GIVEN DATA:
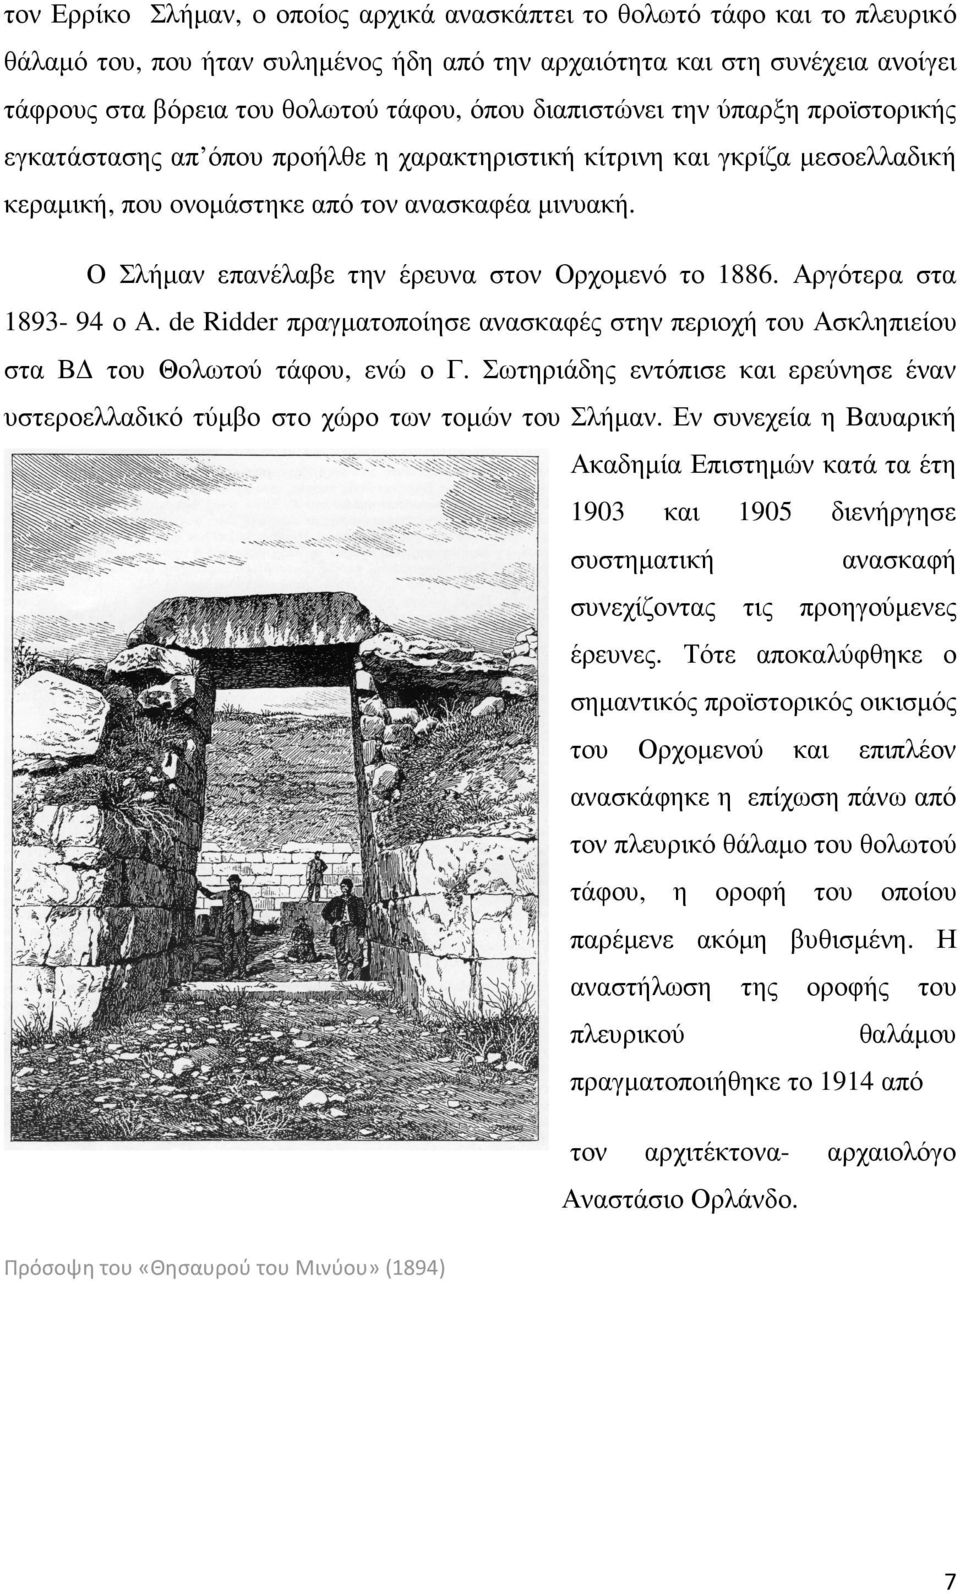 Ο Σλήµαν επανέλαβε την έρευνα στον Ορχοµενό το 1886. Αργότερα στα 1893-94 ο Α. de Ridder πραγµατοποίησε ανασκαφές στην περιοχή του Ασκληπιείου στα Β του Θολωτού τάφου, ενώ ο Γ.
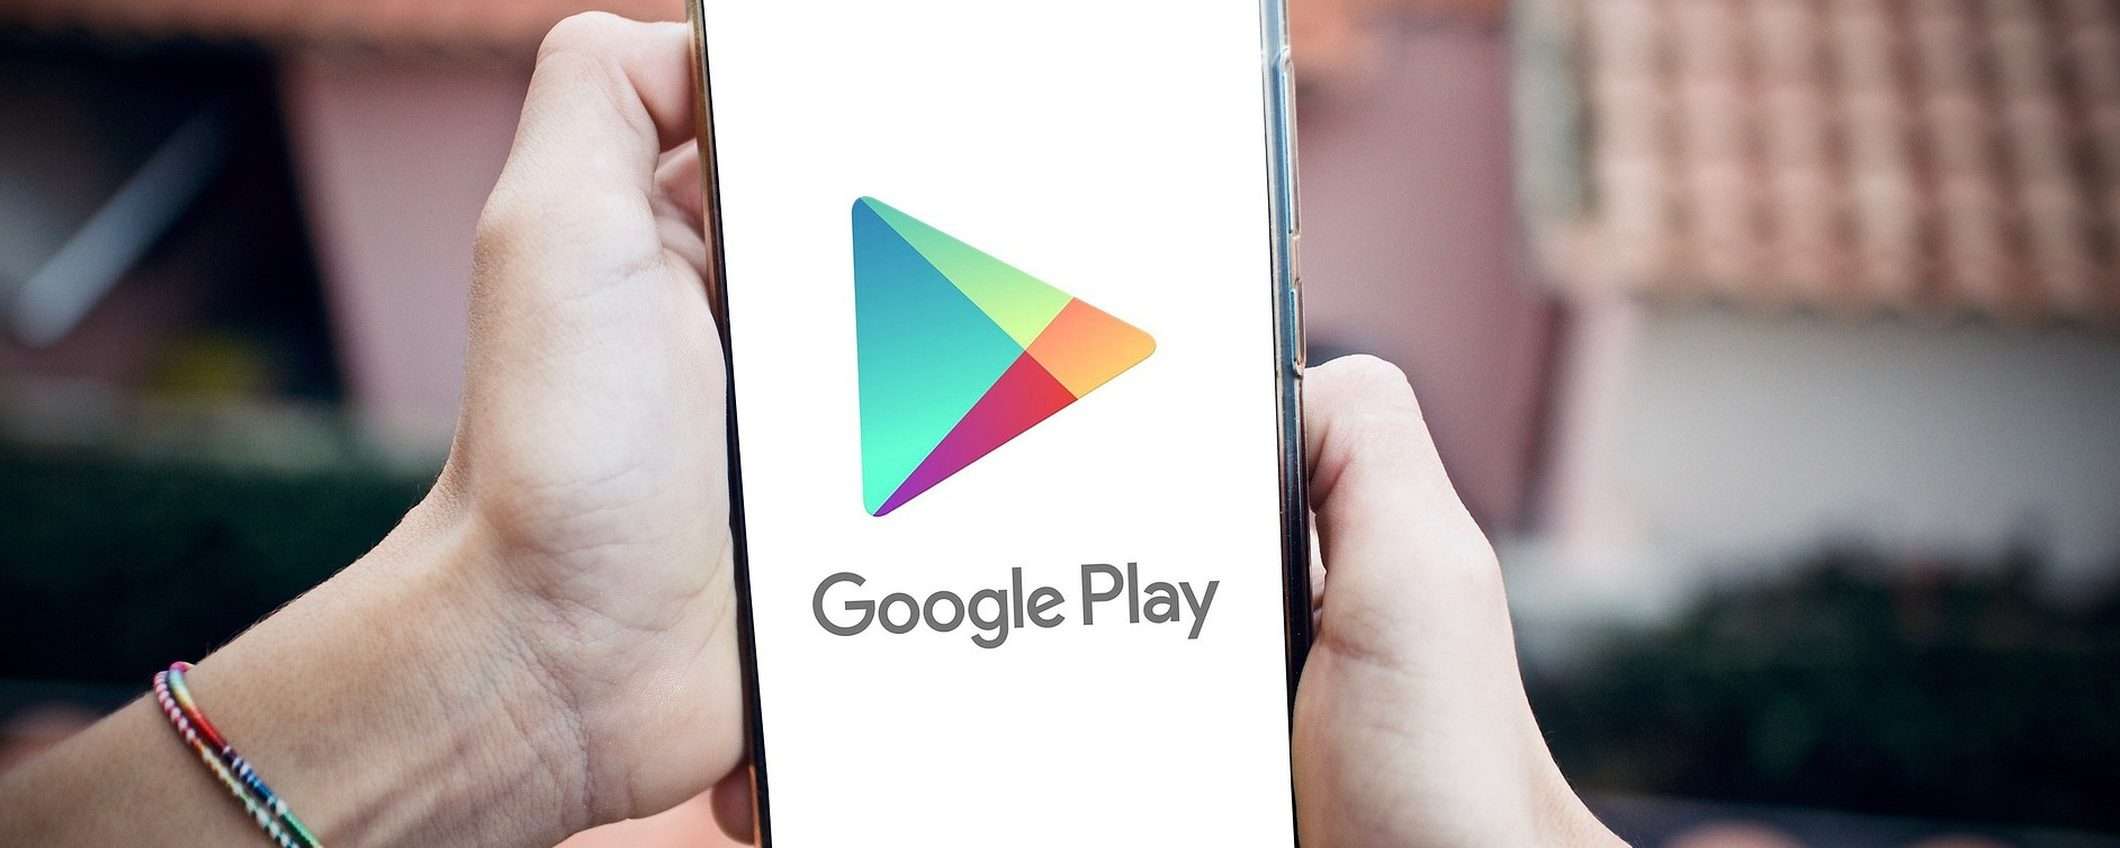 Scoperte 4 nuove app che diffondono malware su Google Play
* * *
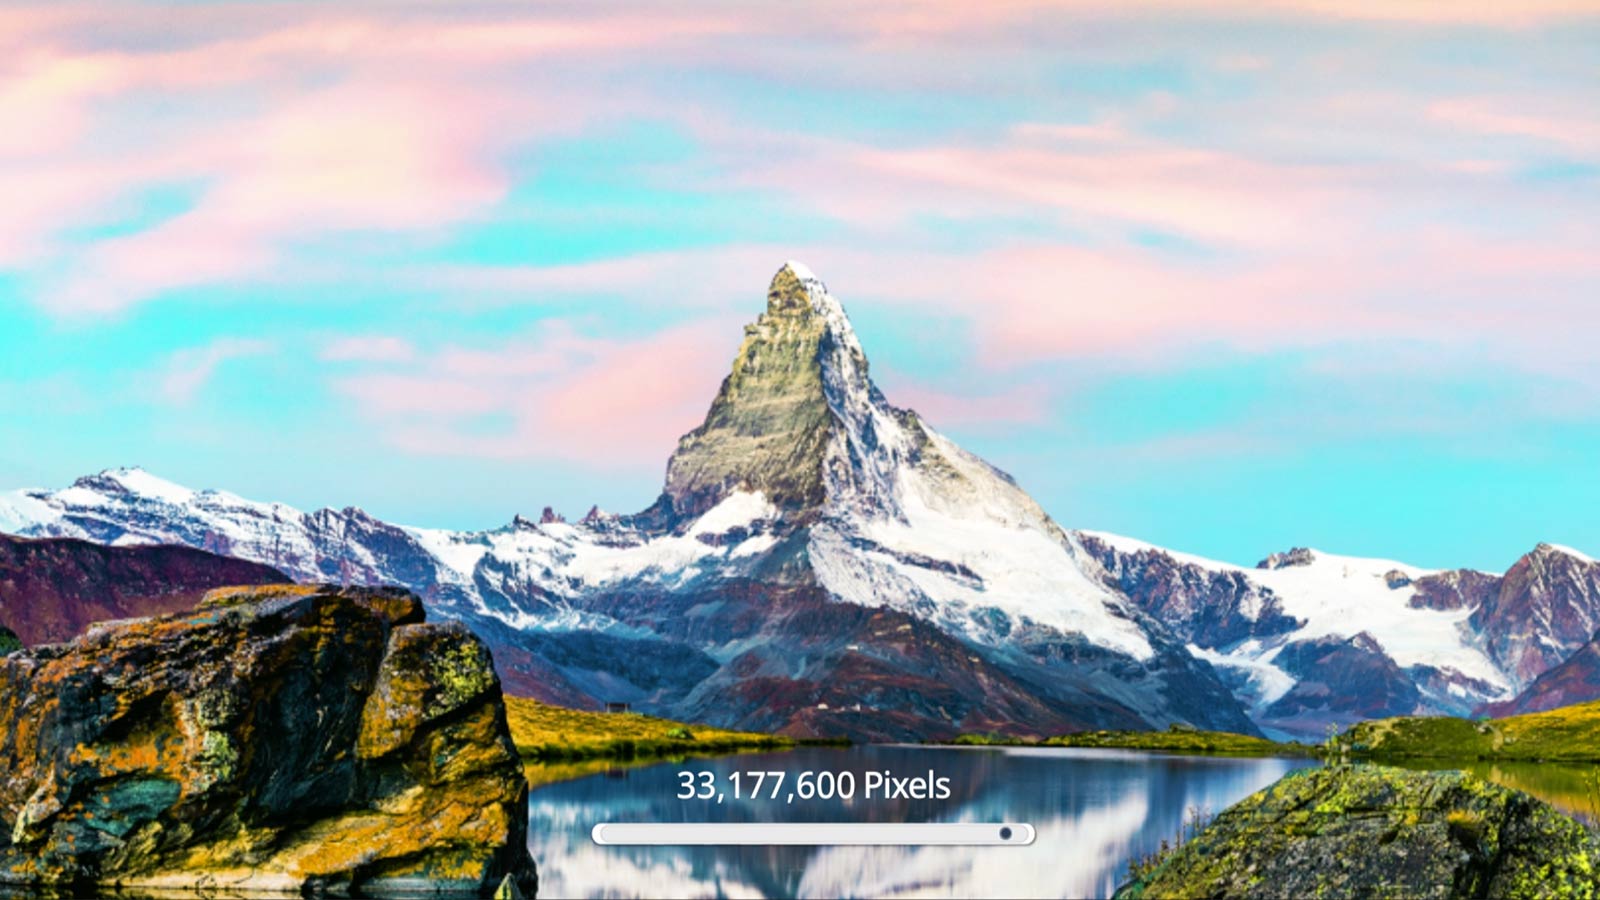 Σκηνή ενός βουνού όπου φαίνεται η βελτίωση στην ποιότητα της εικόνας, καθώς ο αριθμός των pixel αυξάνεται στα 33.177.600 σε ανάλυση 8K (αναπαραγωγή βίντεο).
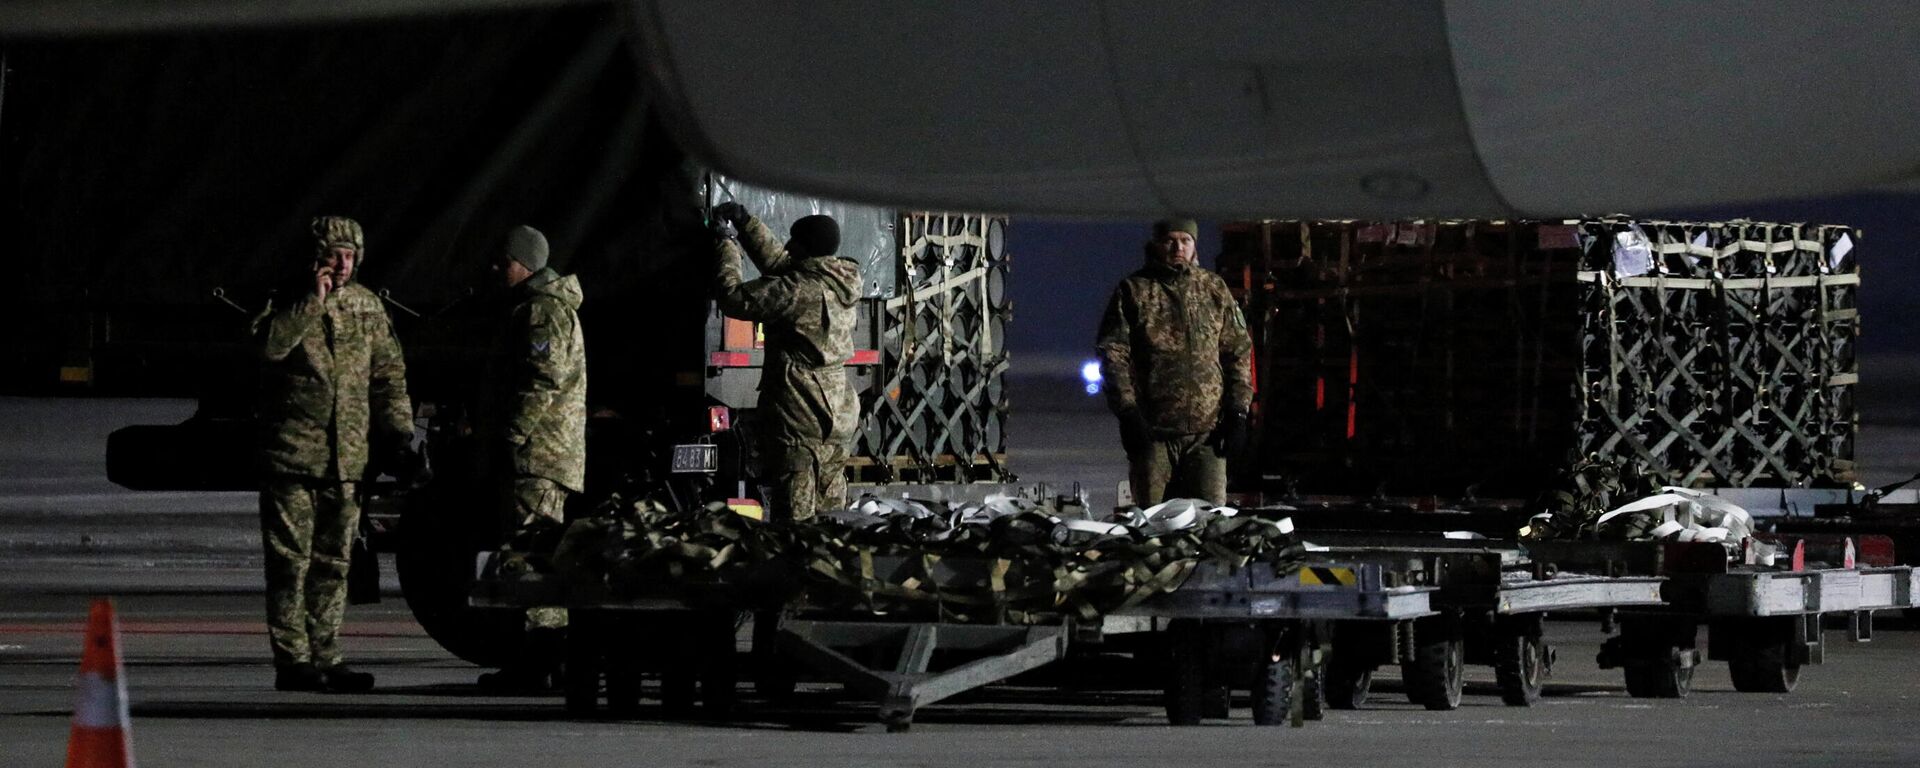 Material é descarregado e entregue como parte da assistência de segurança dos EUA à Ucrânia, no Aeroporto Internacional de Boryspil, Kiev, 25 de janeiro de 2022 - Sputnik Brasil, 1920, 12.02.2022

EXERCISE:
From the records above, copy only the lines running from the line containing "Ο Σλήµαν επανέλαβε" to the line containing "Scoperte 4 nuove", both ends included. Leave the pictures out.

ANSWER TO THIS TASK:
 Ο Σλήµαν επανέλαβε την έρευνα στον Ορχοµενό το 1886. Αργότερα στα 1893-94 ο Α. de Ridder πραγµατοποίησε ανασκαφές στην περιοχή του Ασκληπιείου στα Β του Θολωτού τάφου, ενώ ο Γ.
 Scoperte 4 nuove app che diffondono malware su Google Play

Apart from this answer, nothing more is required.